How to Keep your Trucks in Top Operating Condition

When it comes to keeping your trucks in top shape — reducing maintenance-related downtime – one word can mean all the difference: proactive. As in, be proactive in your maintenance program, following all recommended service intervals, and replacing parts before they fail.

Those that do repairs on a reactive basis – when something goes wrong — are the ones who see their costs go skyward.

Here are some things to consider that can help keep your trucks running at peak performance.

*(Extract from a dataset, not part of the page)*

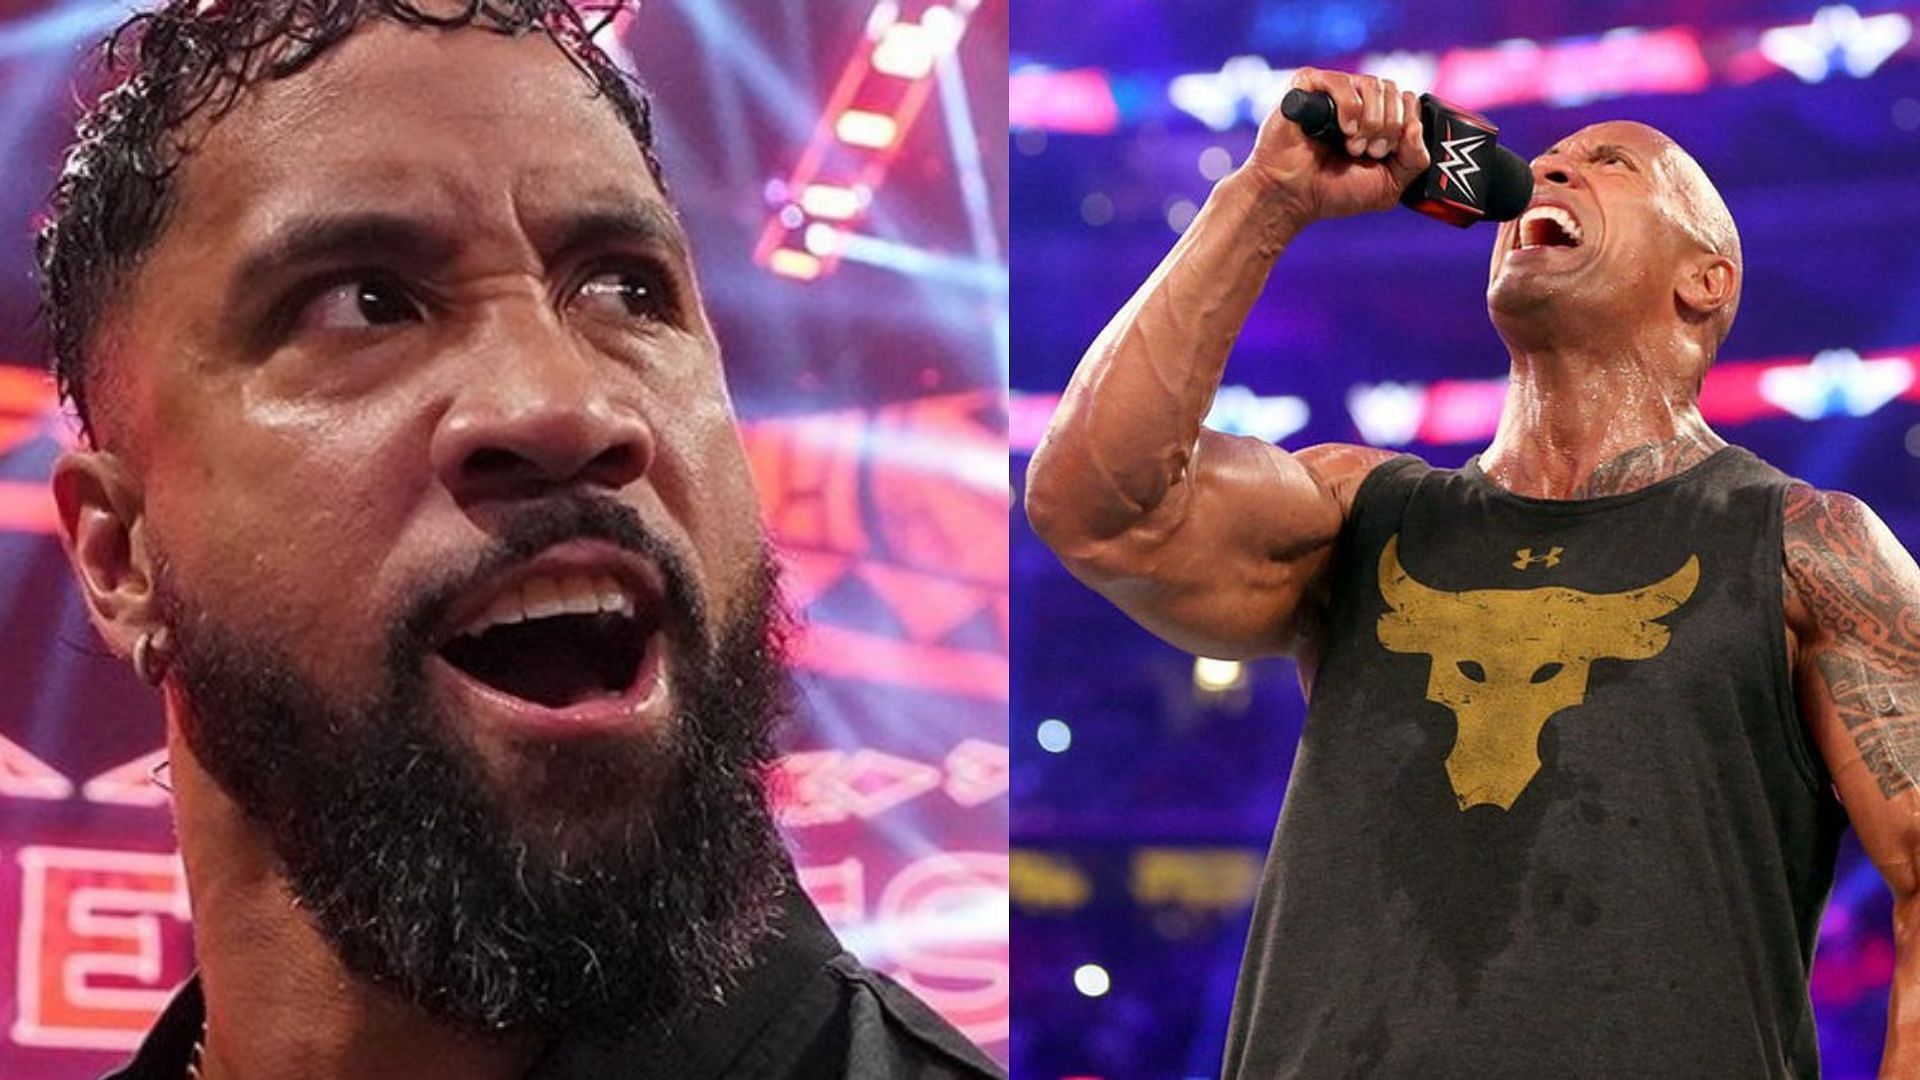 A look into Jey Uso and The Rock

Stay on top of preventative maintenance schedules

Staying on top of oil changes is the most important thing you can do to keep your truck’s engine running well. That will help you avoid a premature re-build. But what else should you be doing? Keep tabs on the mileage or service hours of all the other major components and follow the OEMs scheduled maintenance schedule. If the driver’s manual containing service interval information for the truck is lost, visit the OEM’s powertrain section on their website or check with your local dealer.

If you outsource truck maintenance to a service department, like one from the dealership you purchased your trucks from, they’ll be keeping records of the services/inspections they perform. Depending on fleet size, some may consider it a hassle to send trucks in for routine maintenance, but with electronics in trucks becoming more complex, it might be an easier solution. Luckily, the technology and tools service technicians are using to schedule, service, and process truck information is becoming more efficient. Predictive maintenance models are expediting the servicing process thanks to artificial intelligence, advanced diagnostic tools, and more.

On the flip side, if you do service work in-house, it’s just as important to keep organized records of the dates, services, and inspections you perform. It’s relatively easy to follow the maintenance schedule of powertrain-related items to ensure they’re in optimal condition, although there are several items – like tires, truck and trailer lights that should be inspected or serviced every time the truck is brought in for maintenance. To stay organized and know what components/systems to cover during servicing, we recommend following a comprehensive checklist. Here’s a good example of what items should be inspected or serviced.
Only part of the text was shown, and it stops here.